Behlül Tokur ve Sakin Özışık TDV’nin Hikmet kitabındaki yazılarında Hikmet’i dindarlığın kişilik ve ahlaki gelişimi ile ilgili bir kavram olarak görüyor. Allah’a iman teoride Allah’tan başka ilah edinmemedir ama pratikte kul Allah’ın eylemlerine özenir ve gücü ölçüsünde onlara benzemeye çalışır. Örneğin insan yaptığı işi, Allah’ın “Halik” ismi örneğinde olduğu gibi ayrıntılı bir şekilde tasarlayabilir. Allah’ın “Bari” ismini örnek alarak yaptığı işi sağlam bir şekilde yapabilir. Allah’ın “Musavvir” ismine bakarak yaptığı işe estetik bir şekil verebilir. Bu anlamda Allah’ın “Hakim” ismi hikmetli insan için rol model olacaktır. “Hakim” ismi yaptığı işi en ince ayrıntısına kadar en güzel şekilde bilen ve yapan anlamlarına gelir. Bu yüzden ilim öğrenme konusunda zayıf da olsa dağ başında Allah’ı bilen ve işinin hakkını vererek yapan bir çoban hikmet sahibi olarak değerlendirilebilir. Hangi meslek olursa olsun, kişinin yaptığı işi en iyi şekilde öğrenip yapması ve bütün bunları yaparken yönünü Allah’a çevirmesi hikmetin ortaya çıkması için yeterlidir. Dindar bir bilinç hayatın hiç bir alanında hikmeti göz ardı edemez.
Servet Doğan kitabında Gazzali’nin bilginin kaynağına önem verdiğini söylüyor. “Bilginin doğru olması yetmez. Sahipleri de doğru olmalıdır. Aksi takdirde doğru ile birlikte birçok yanlışın da gelmesi kaçınılmazdır. İnsanların üstün gördükleri bir medeniyeti tüm yönü ile taklide kalkışıp abur cubur ne varsa almaları korkusu, yabana atılacak bir korku değildir.”
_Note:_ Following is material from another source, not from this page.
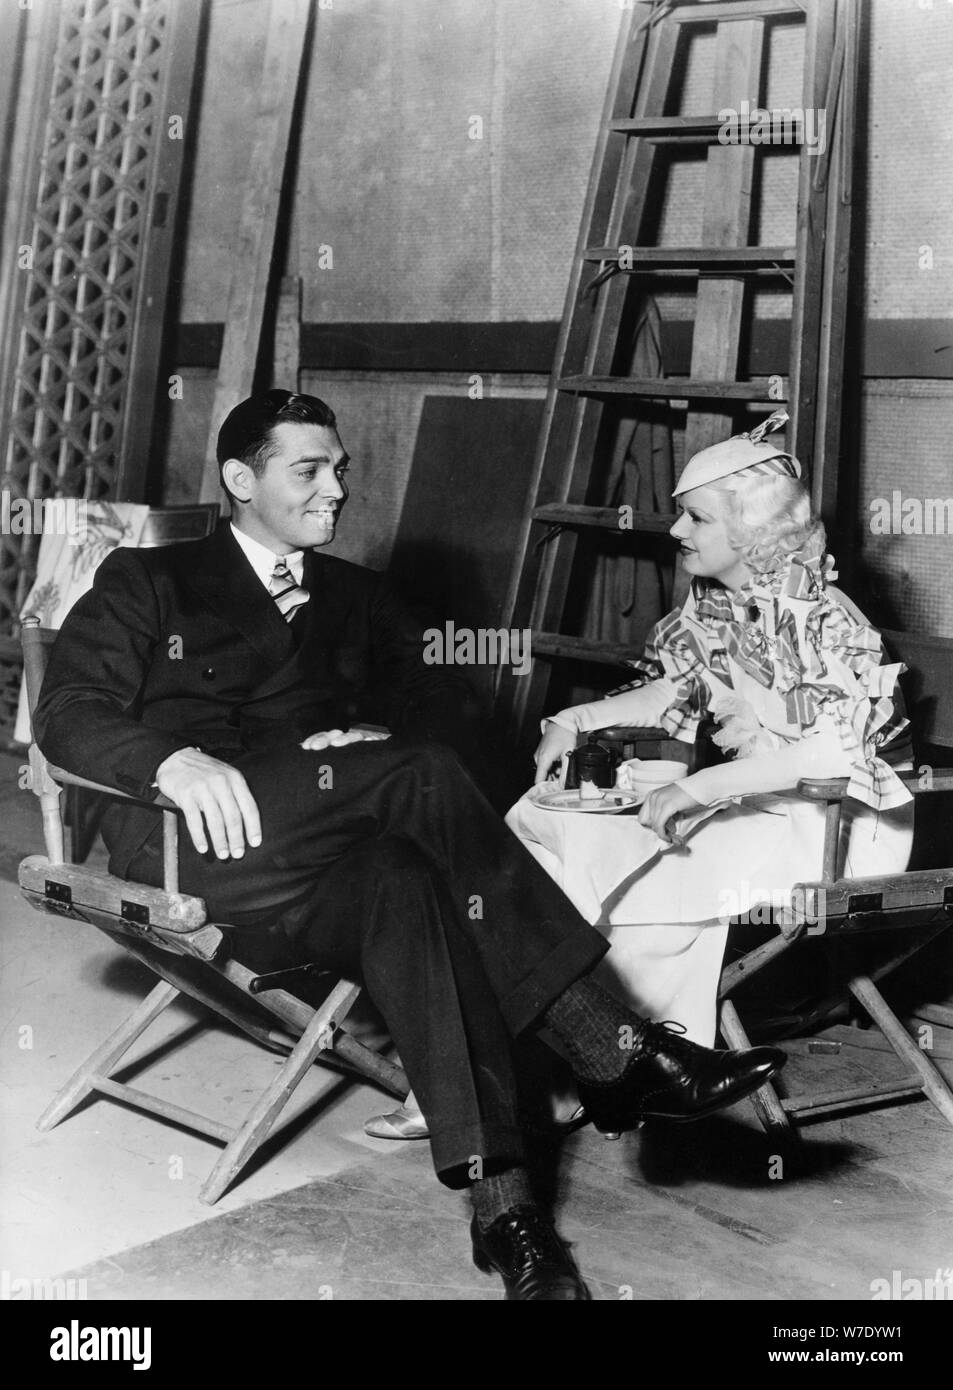 Clark Gable and Jean Harlow, American actors and film stars, 1930s. Artist:  Unknown Stock Photo - Alamy

Hikmet-i Peder kitabı diğerlerinden farklı olarak bir roman. İki oğlu ve bir kızı olan doktor bir baba çocuklarının mutlu bir evlilik yapmasını istiyor. Kitap, babanın bunun için yaptığı arayışı konu ediniyor. Kitaptaki baba, boşanmaların nedenini araştırıyor. Yaklaşık 130 tane boşanma vakasını tek tek incelemiş. Boşanmaların %90 oranında erkek kaynaklı olduğunu söylüyor. Genelde genç yaşta evlenen erkeklerde sorunu görüyor. Aslında ona göre önemli olan yaş değil. Kişinin belli bir olgunluğa erişmesi. Bir baba olarak bu arayışını takdir ettim. Fakat çözüm şekli bana mantıklı gelmedi. İnsanın bir kötülükten uzak durması için o kötülüğü yaşamasını veya öğrenmeye çalışmasını ben pek doğru bulmuyorum. Tam tersi kötülüğün yayılmaması ve öğretilmemesi gerektiğini düşünüyorum. Örneğin bir psikoloğun uyarısı bana mantıklı gelmişti. Kötü işleri ve yöntemleri öğrendiğiniz zaman normalde onu uygulamazsınız. Fakat kendinizi kontrol edemediğiniz sinirli bir anınızda o kötü iş aklınıza gelir ve uygulayabilirsiniz diyordu. Bu açıdan gazete, televizyon veya sosyal medya yolu ile kötü davranışların gösterilmesini ve anlatılmasını doğru bulmuyorum. Çözüm yöntemine katılmasam da kitabı merakla okudum. Kitabın yazım tarihini bilmiyorum ama yazarının 1912’de ölmüş olduğunu not edeyim.